2.3 Compare distribution via plots

Which of the following interpretations of the plot is not valid? Answer: The variability in mileage of 8 cylinder cars is similar ot the variability in mileage of 4 cylinder cars.

2.4 Marginal and conditional histograms

Now, turn your attention to a new variable: horsepwr. The goal is to get a sense of the marginal distribution of this variable and then compare it to the distribution of horsepower conditional on the price of the car being less than $25,000.

You’ll be making two plots using the “data pipeline” paradigm, where you start with the raw data and end with the plot.

2.4.1 Instructions

  • Create a histogram of the distribution of horsepwr across all cars and add an appropriate title. Start by piping in the raw dataset.
  • Create a second histogram of the distribution of horsepower, but only for those cars that have an msrp less than $25,000. Keep the limits of the x-axis so that they’re similar to that of the first plot, and add a descriptive title.
# Create hist of horsepwr
cars %>%
  ggplot(aes(x = horsepwr)) +
  geom_histogram() +
  ggtitle("Distribution of horsepower for all cars")
## `stat_bin()` using `bins = 30`. Pick better value with `binwidth`.

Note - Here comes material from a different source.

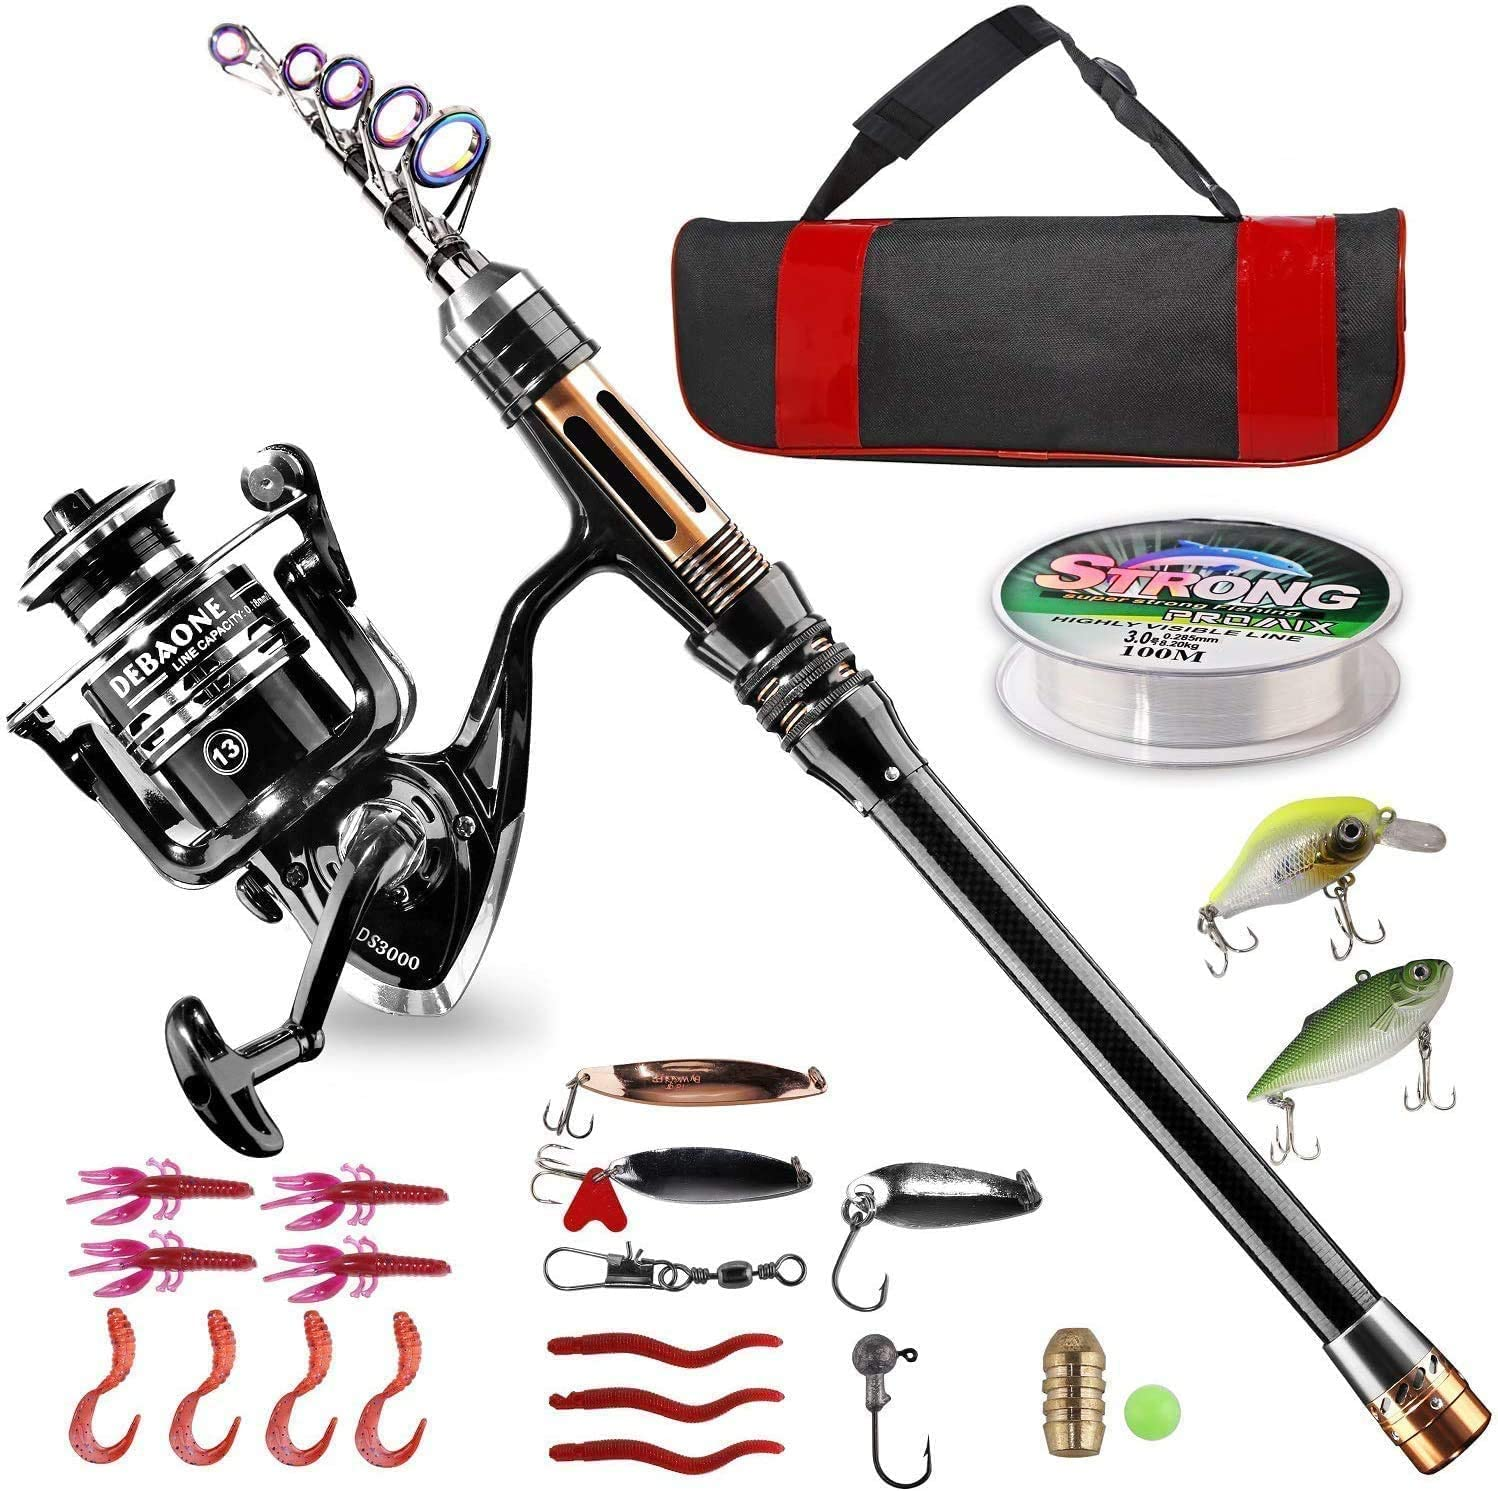 Bluefire Fishing Rod Kit, Carbon Fiber Telescopic Fishing Pole and

# Create hist of horsepwr for affordable cars
cars %>%
  filter(msrp < 25000) %>%
  ggplot(aes(x = horsepwr)) +
  geom_histogram() +
  xlim(c(90, 550)) +
  ggtitle("Distribution of horsepower for affordable cars")
## `stat_bin()` using `bins = 30`. Pick better value with `binwidth`.
## Warning: Removed 1 rows containing non-finite values (stat_bin).
## Warning: Removed 1 rows containing missing values (geom_bar).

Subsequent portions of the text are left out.